In '84, my cousins' first Mac introduced me to the mouse and the window environment. We drew in MacPaint and played Loderunner. They had a lot of gadgets, having turned me on to video gaming with their Atari console a few years previously. Then in the later 80s I played Uninvited and Dungeon of Doom with my friend Tor on his parents' Mac+. My parents had a PC, and so do I still, running Win XP on the study machine and Ubuntu Linux on the home machine.

I did like the iPod when it came. I got the 2nd version of it in '02 or '03, 10 gigs with a Firewire interface, made after they got rid of the mechanical wheel but before they started making the miniature versions. Sure was a step up from MiniDisc! But getting music onto it demanded dedicated software, and you couldn't get the files off it again. I never started using iTunes. Also, Firewire never really caught on and no later machines of mine have had it. So since I got my first smartphone in '06, the iPod has been languishing in a drawer or Junior has been using it.

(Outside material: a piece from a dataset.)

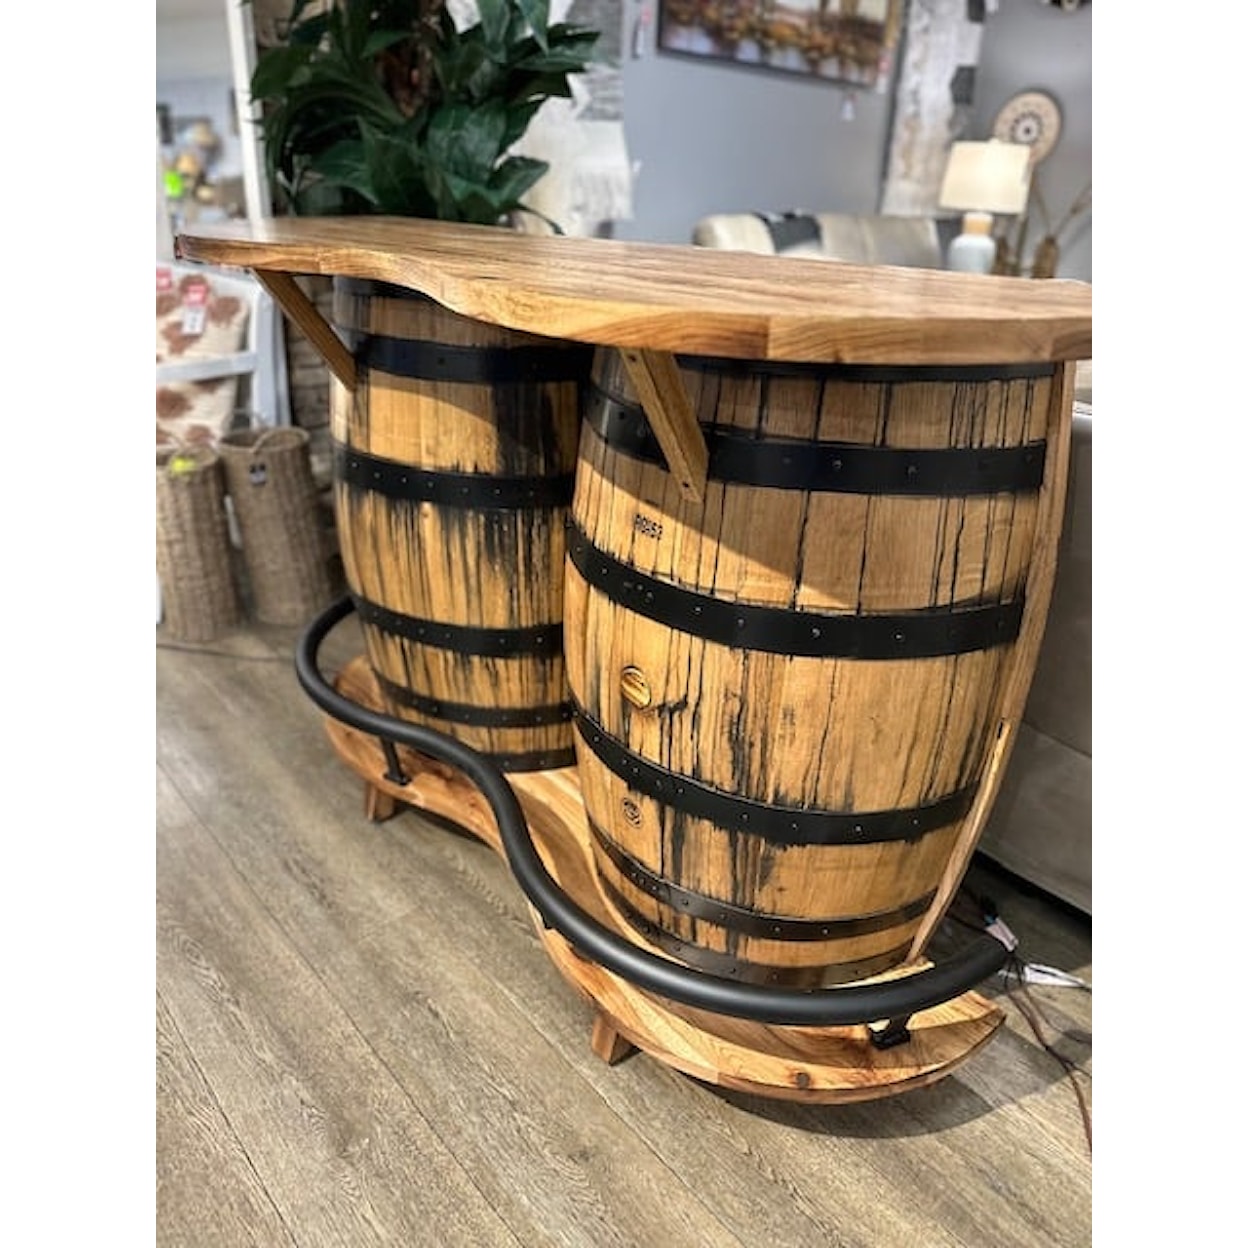 Rustic Barrel Design Dining Room Bar Table
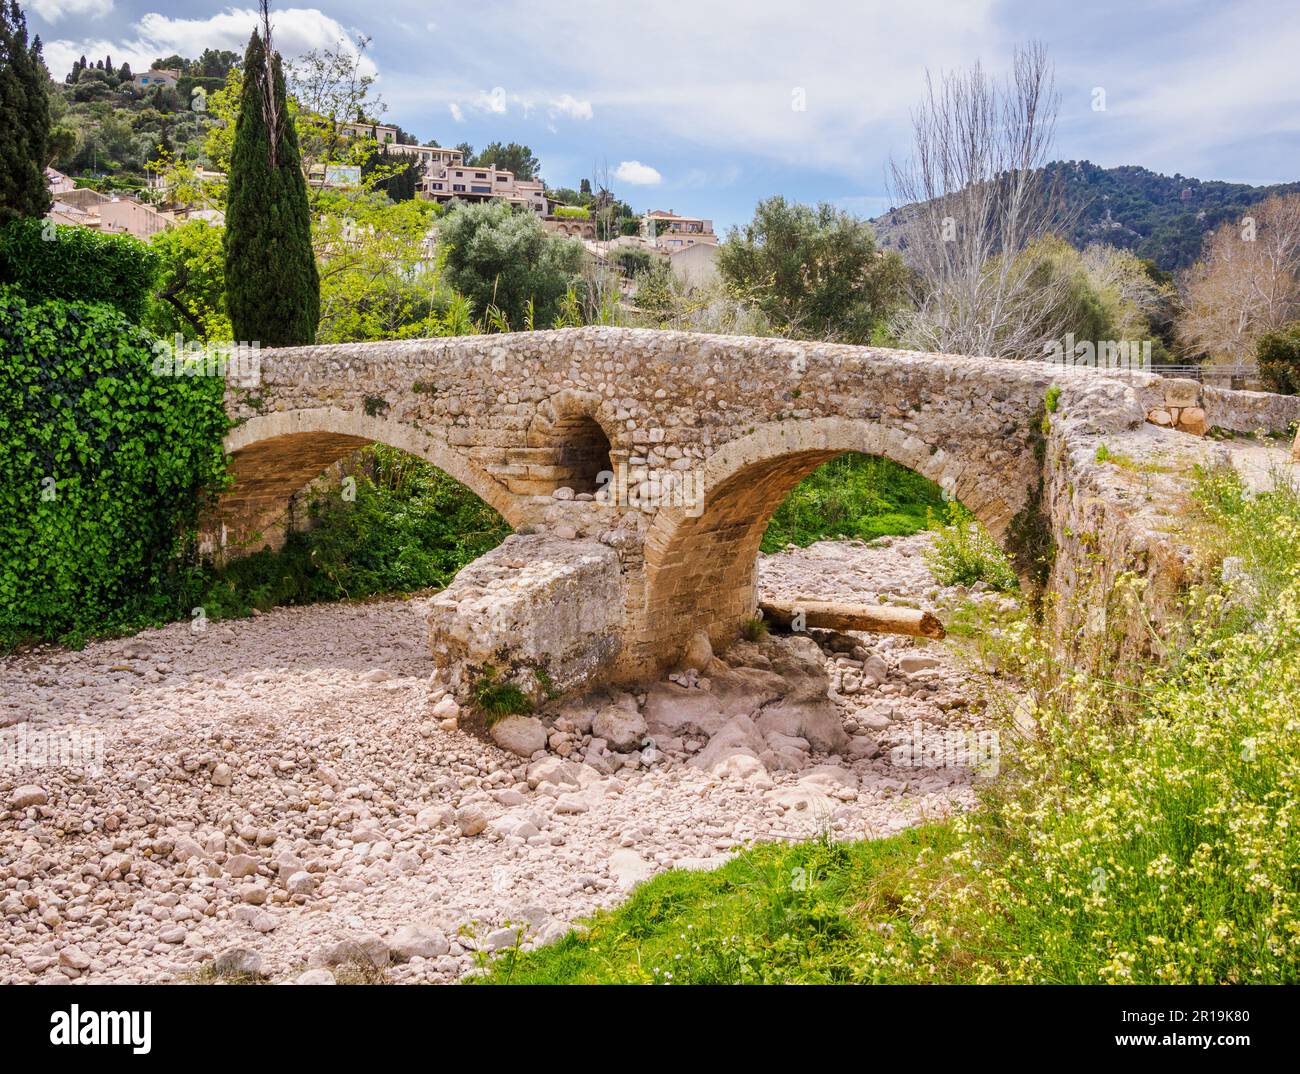 Pont Roma the Roman bridge over the dry Torrent de Sant Jordi through Pollenca in the Tramuntana Mountains of Majorca Spain Stock Photo

Also in '06, I was issued a desktop Mac for my editor's desk (yes, I have three desks; no, I do not have even one full-time salary). I still use it and it works fine. I've never been tempted to get an iPhone or an iPad, opting instead for Android handsets that are a bit cheaper and offer better integration with Google's services. No, I don't consider myself a Google fan either. If it works, who cares what brand it is?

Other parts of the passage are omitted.